Dhanan coba tersenyum lantas mendekati Anggun lalu duduk di sampingnya. "Ini, minum dulu," tawar Dhanan menyodorkan sebotol air mineral dingin.

"Terima kasih," jawab Anggun menyambut botol mineral dari tangan Dhanan.

Keduanya kembali terdiam. Keramaian yang mengelilingi mereka tidak bisa mencairkan kebekuan. Dhanan menunduk—menatap ujung sepatunya. Ia tidak tahu apa yang terjadi, tetapi sepertinya apa yang ditakutkan Rio terjadi.

"Kamu lapar? Sudah makan?" Seketika Dhanan menatap Anggun. "Kamu sudah makan?" tanya Anggun lagi.

"Kamu lapar?"

Anggun menunjuk tenda penjual nasi goreng di seberang jalan. "Setelah ayah meninggal, aku belum makan lagi di sana."

Refleks Dhanan menatap ke arah yang ditunjuk. Anggun. "Mau makan di sana?"
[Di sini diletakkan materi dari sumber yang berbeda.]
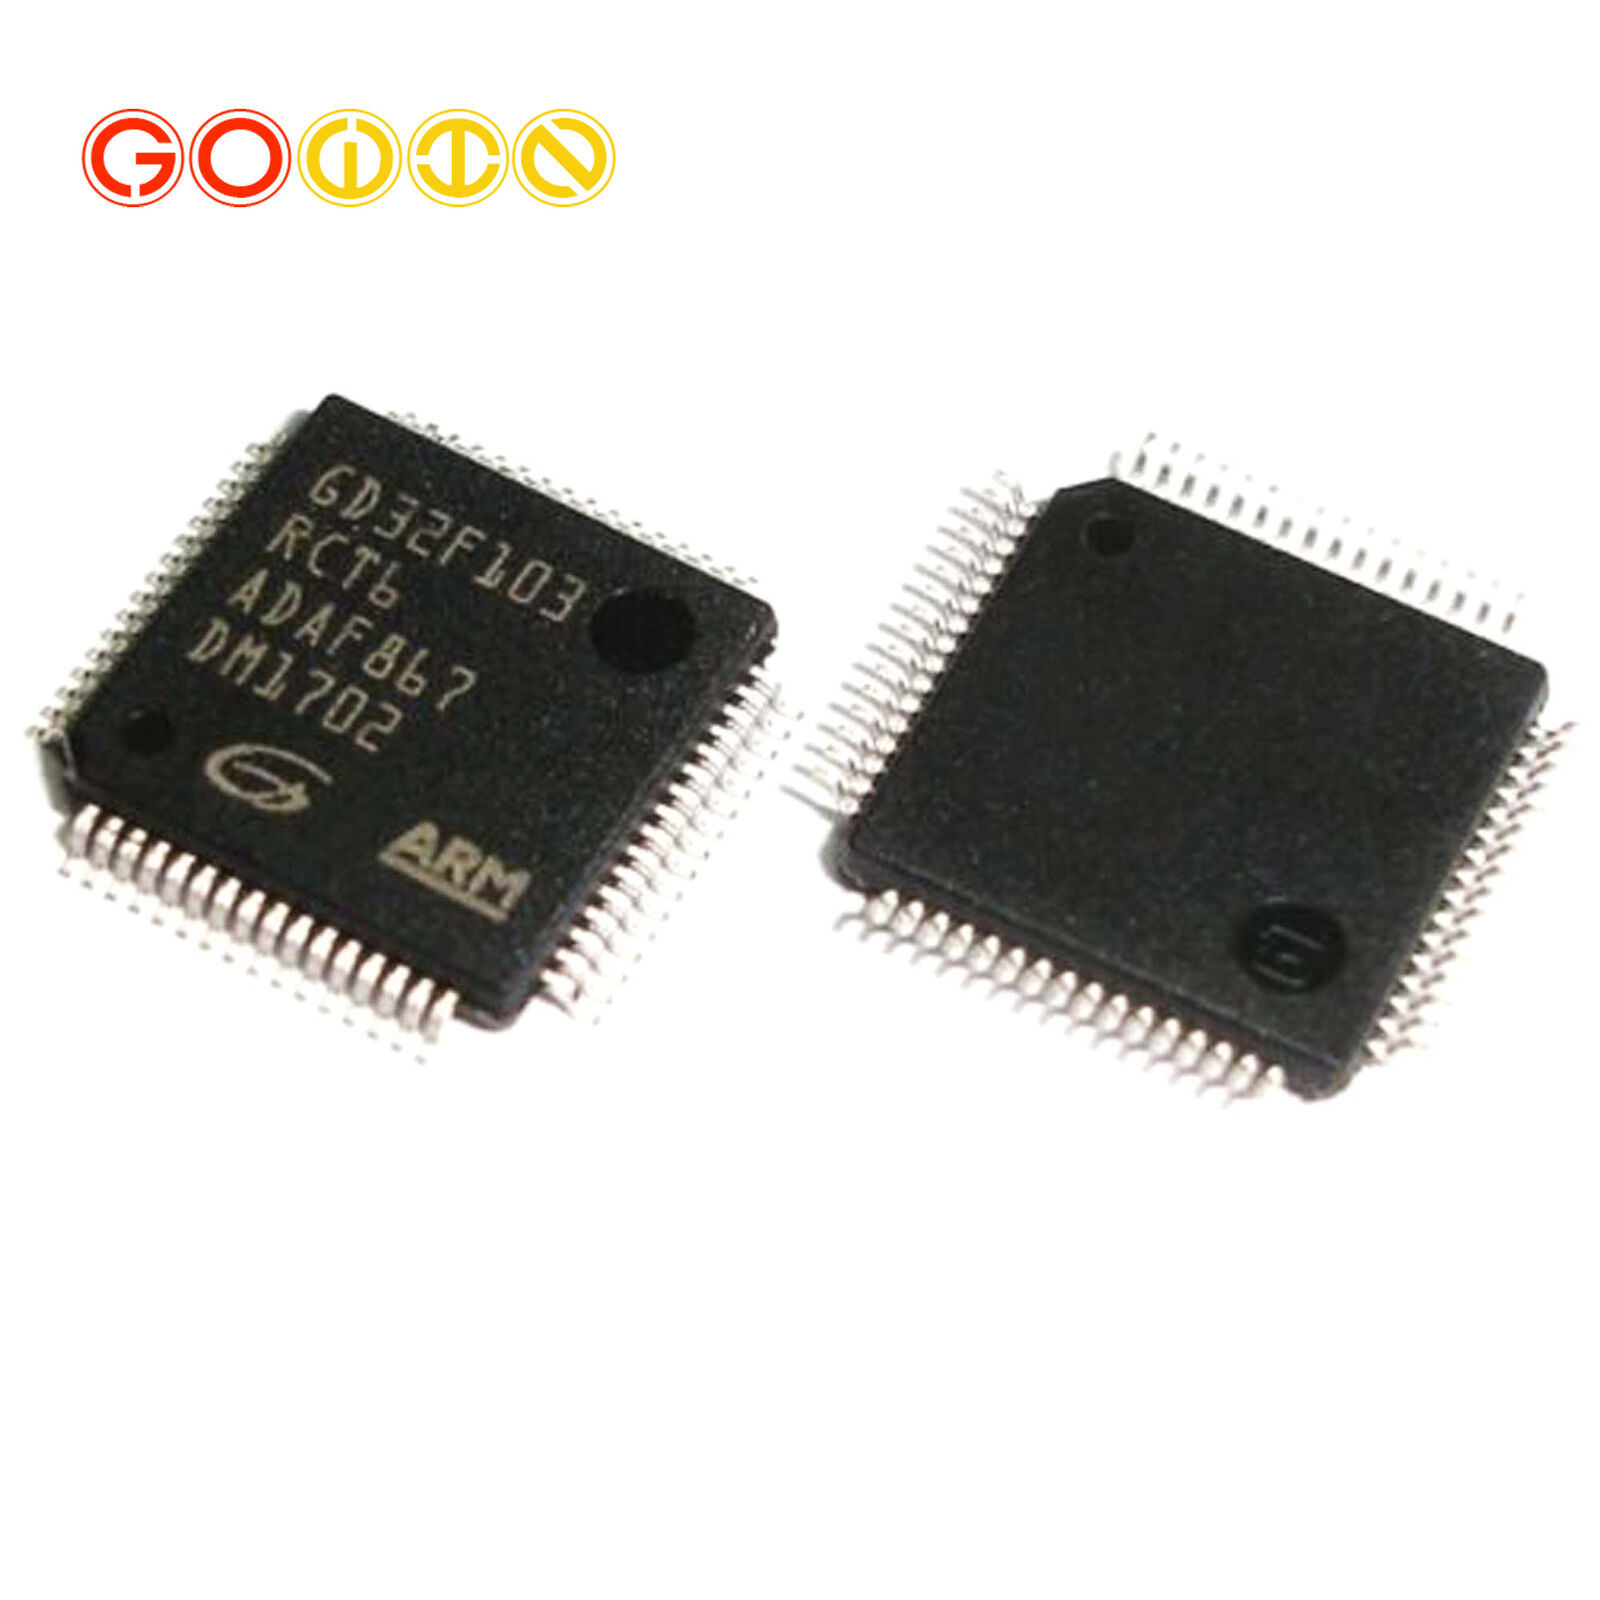 GD32F103RCT6 LQFP64 GD32F103 RCT6 32-bit 72MHz 256KBx8 IC MCU FLASH Cortex M3

Anggun menggeleng. "Enggak. Aku takut."

"Takut?"

"Iya."

"Kenapa?"

"Ayah adalah satu-satunya orang yang menganggap aku ada. Menganggap aku berharga. Setiap harinya, aku selalu menantikan tanggal merah atau penghujung minggu. Ayah pasti datang jemput aku di rumah nenek. Ayah ajak aku makan di sana. Berdua saja. Walau Rio menangis, dia enggak pernah diajak."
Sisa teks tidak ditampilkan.